HALIFAX - Le premier ministre Stephen Harper a dévoilé lundi une stratégie de défense de 30 milliards $ sur 20 ans, qui a rapidement essuyé un flot de critiques pour son arrivée tardive et son manque de précision.
S'adressant à un auditoire d'une centaine de militaires à Halifax, lundi, M. Harper a indiqué que, pour être pris au sérieux, un pays devait avoir la capacité d'agir.
Le plan vise à ajouter 5000 militaires aux forces régulières, faisant passer celles-ci de 65 000 à 70 000 d'ici 20 ans, et 6000 réservistes, dont le nombre atteindrait à terme 30 000.
Le gouvernement conservateur prévoit accroître la surveillance aux frontières et renouveler la chasse aérienne, les destroyers et frégates, les navires de patrouille, les hélicoptères de transport et les avions de recherche et sauvetage.
Stephen Harper a indiqué que ce plan contribuera également à la vigueur de l'économie, créant des milliers d'emplois pour les Canadiens.
La plupart des éléments de ce plan étaient toutefois déjà connus et très peu de nouveaux détails s'y sont ajoutés.
M. Harper a admis qu'il y avait peu de nouveaux éléments dans cette annonce, mais a insisté pour dire que le plan sur 20 ans représentait une nouvelle façon de faire les choses.
"La principale nouveauté de cette annonce est qu'il s'agit d'un plan à long terme, a déclaré le premier ministre. Nous mettons en place un plan de 20 ans avec des budgets croissants."
M. Harper a soutenu que les plans précédents souffraient d'une approche de dernière minute.
Une réserviste qui assistait au discours du premier ministre a dit croire aux promesses de M. Harper, mais aurait espéré que le nouvel équipement soit prêt plus tôt.
"Cela ne change rien. Vingt ans? Qui peut dire si Stephen Harper sera encore là dans dix ans, a lancé le sergent Joanne Henneberry. Le gouvernement parle d'appareils d'aviation et de bâteaux. Qu'en est-il de l'équipement nécessaire à notre entraînement?"
Dans son annonce de lundi, le premier ministre n'a pas mentionné que le remplacement de certains équipements avait déjà été remis à plus tard.
Le remplacement des appareils Buffalo de recherche et sauvetage, par exemple, a été repoussé à 2014, au plus tôt. Cela devait être fait il y a cinq ans.
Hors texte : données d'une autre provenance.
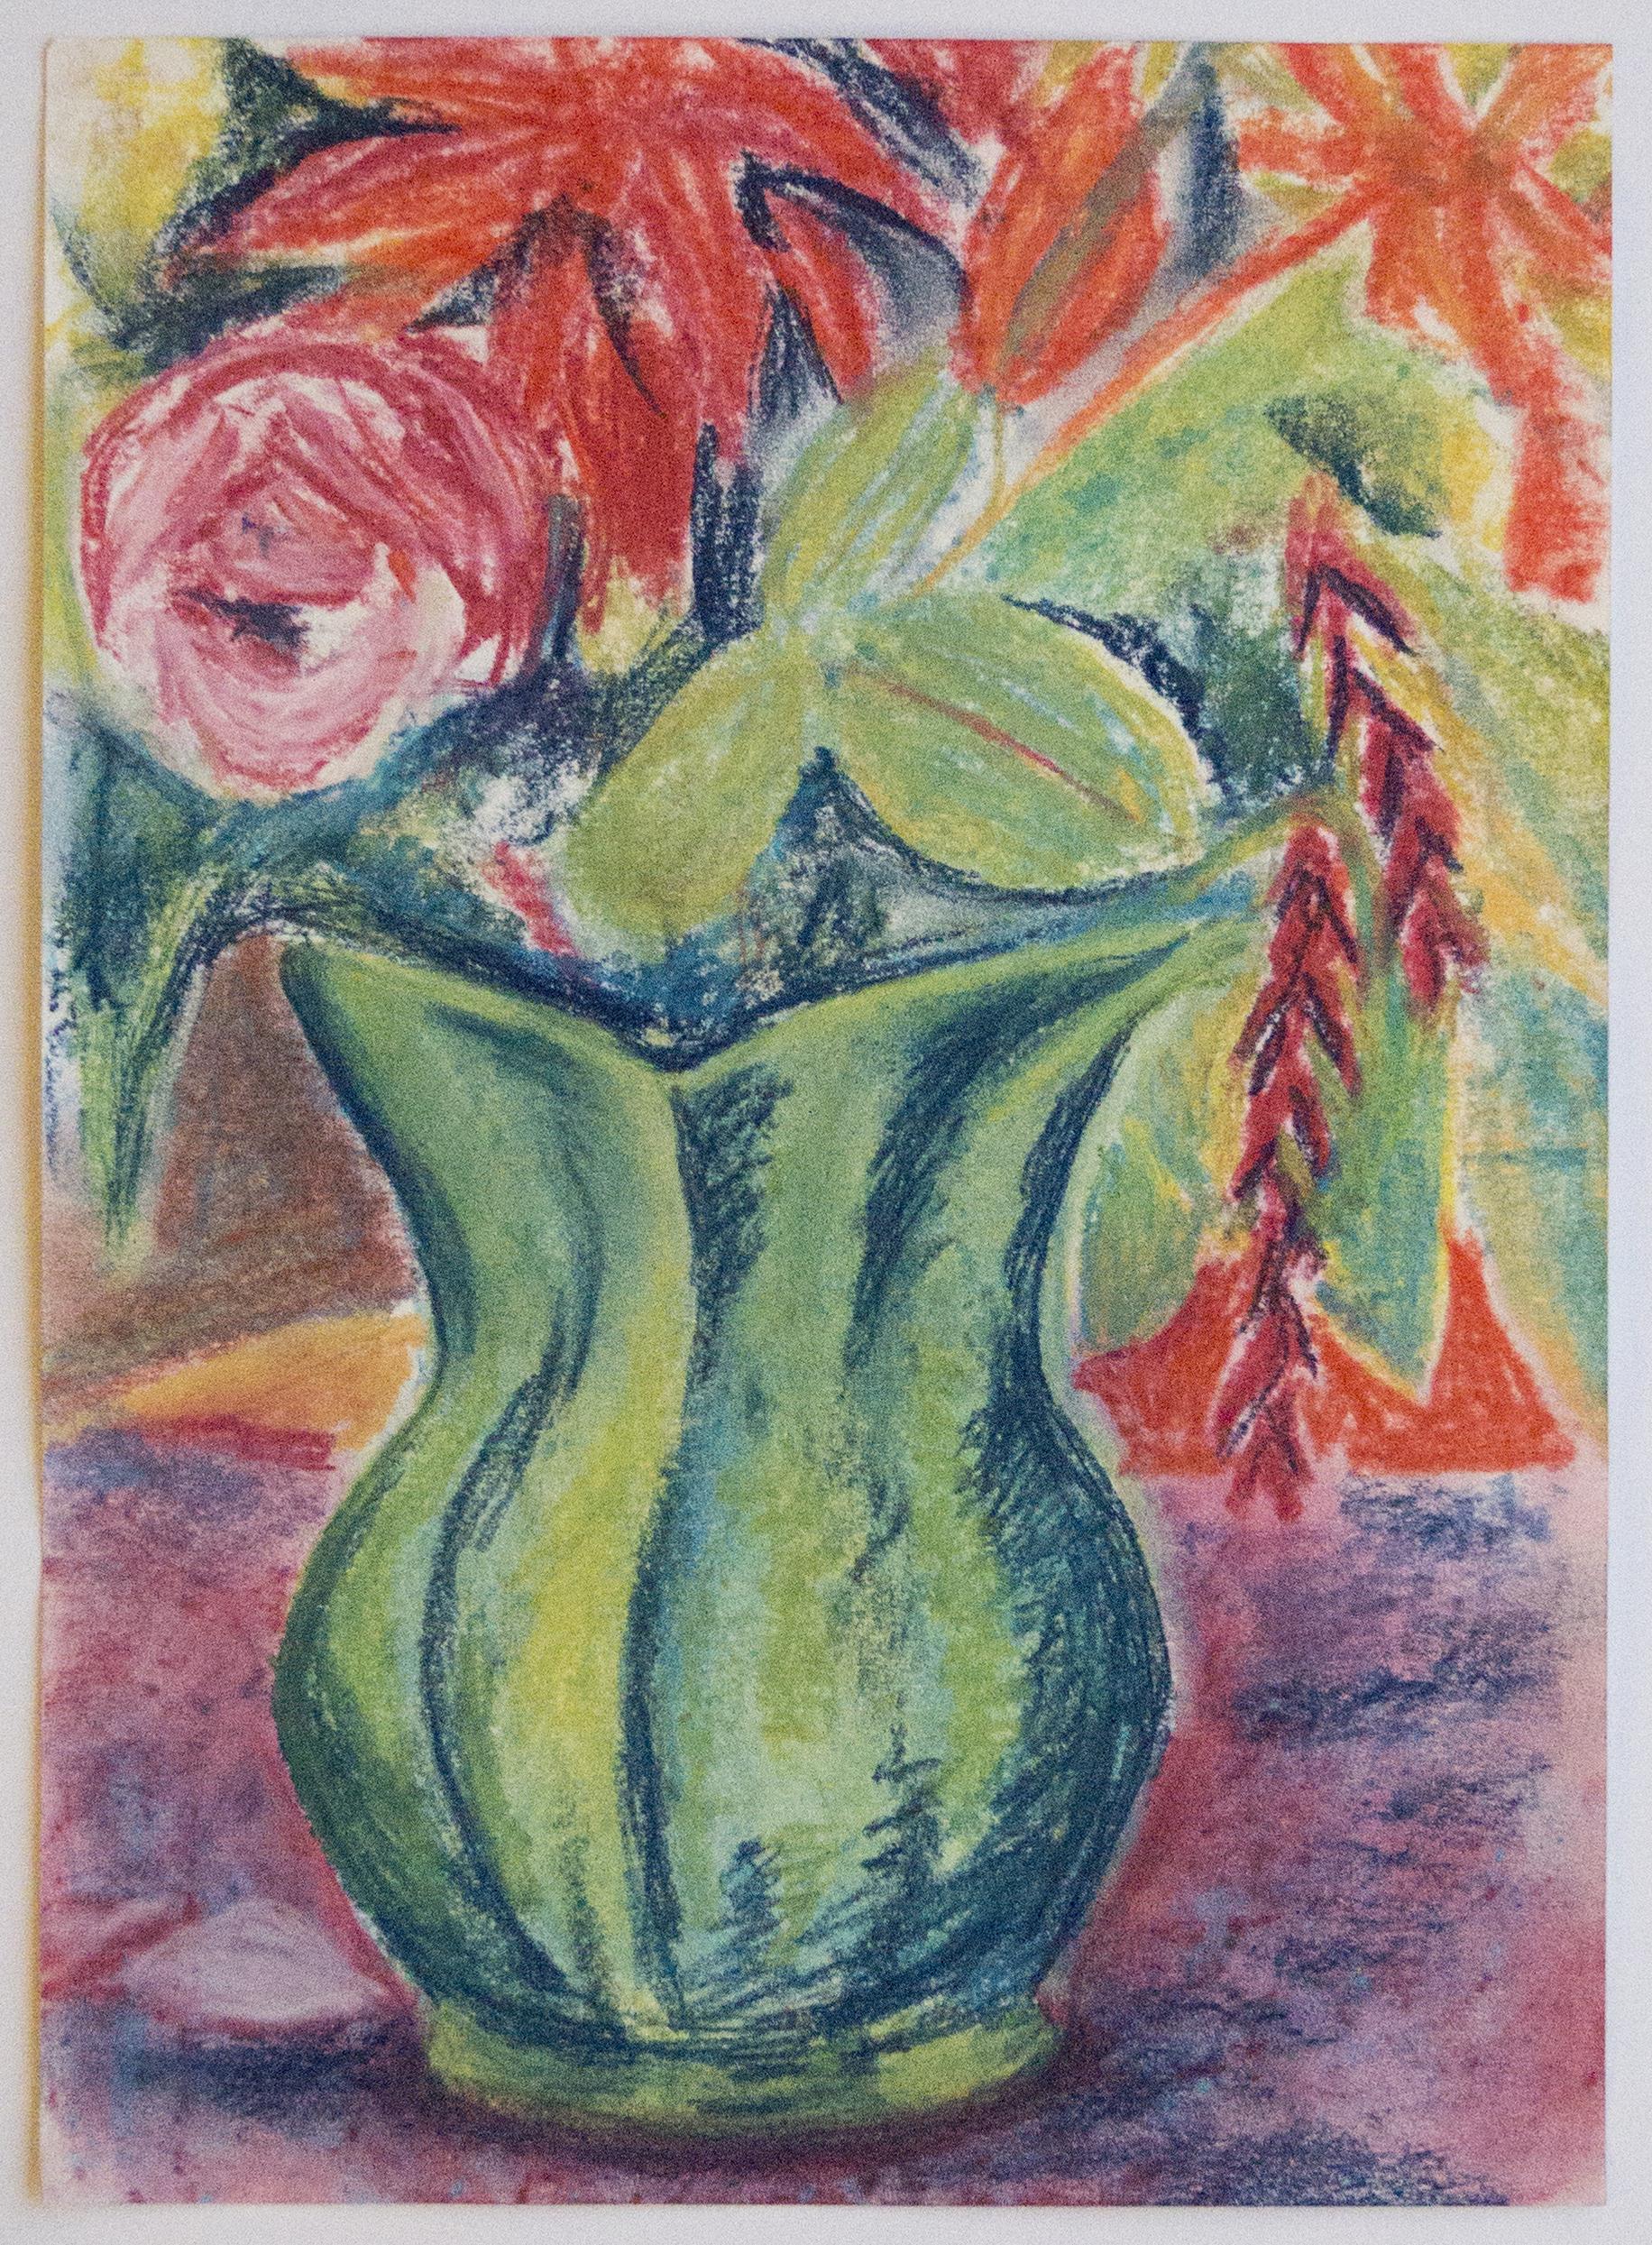 Flowers and Jug Still Life

Le manque de détails du plan a suscité le scepticisme parmi les critiques, qui ont clamé que les conservateurs avaient mis beaucoup de temps pour simplement confirmer des engagements pris au cours de la dernière campagne électorale.
Le sénateur Colin Kenny, président libéral du Comité sénatorial de la sécurité nationale et de la défense, a indiqué que le doute persistait sur la capacité des conservateurs à atteindre les objectifs de recrutement.
Un rapport de performance du ministère de la Défense, publié en novembre dernier, concluait que le gouvernement n'avait pas alloué assez d'argent pour respecter les cibles établies en 2006.
"Ce qui est décourageant, c'est de voir ces gens tirer dans toutes les directions, a dit M. Kenny. Trois séries de chiffres ont été avancées par le gouvernement en l'espace de deux ans."
Les conservateurs se sont targués d'être le parti qui allait reconstruire les forces armées, mais l'opposition libérale a argué que ceux-ci auraient à dépenser beaucoup plus que 30 milliards $ sur 20 ans pour y arriver.
Le Comité sénatorial de la sécurité nationale et de la défense a soutenu que le budget annuel de la défense devrait passé de 18 milliards $ à 35 milliards $ d'ici 2011-2012. Dans l'annonce faite lundi, M. Harper a indiqué que son gouvernement s'engageait à accroître les dépenses annuelles à 30 milliards $ d'ici 2028.
"Ce que je ne vois pas nulle part dans cette annonce, c'est un engagement du gouvernement à investir de l'argent neuf", a affirmé M. Kenny.
Le porte-parole du Parti libéral du Canada en défense, Bryon Wilfert, a dit soupçonner que le dévoilement du plan était en fait une tentative du gouvernement pour détourner l'attention aux Communes de plusieurs scandales, incluant la relation passée du ministre des Affaires étrangères, Maxime Bernier, avec la Montréalaise Julie Couillard, qui a entretenu des relations amoureuses avec des membres des Hells Angels.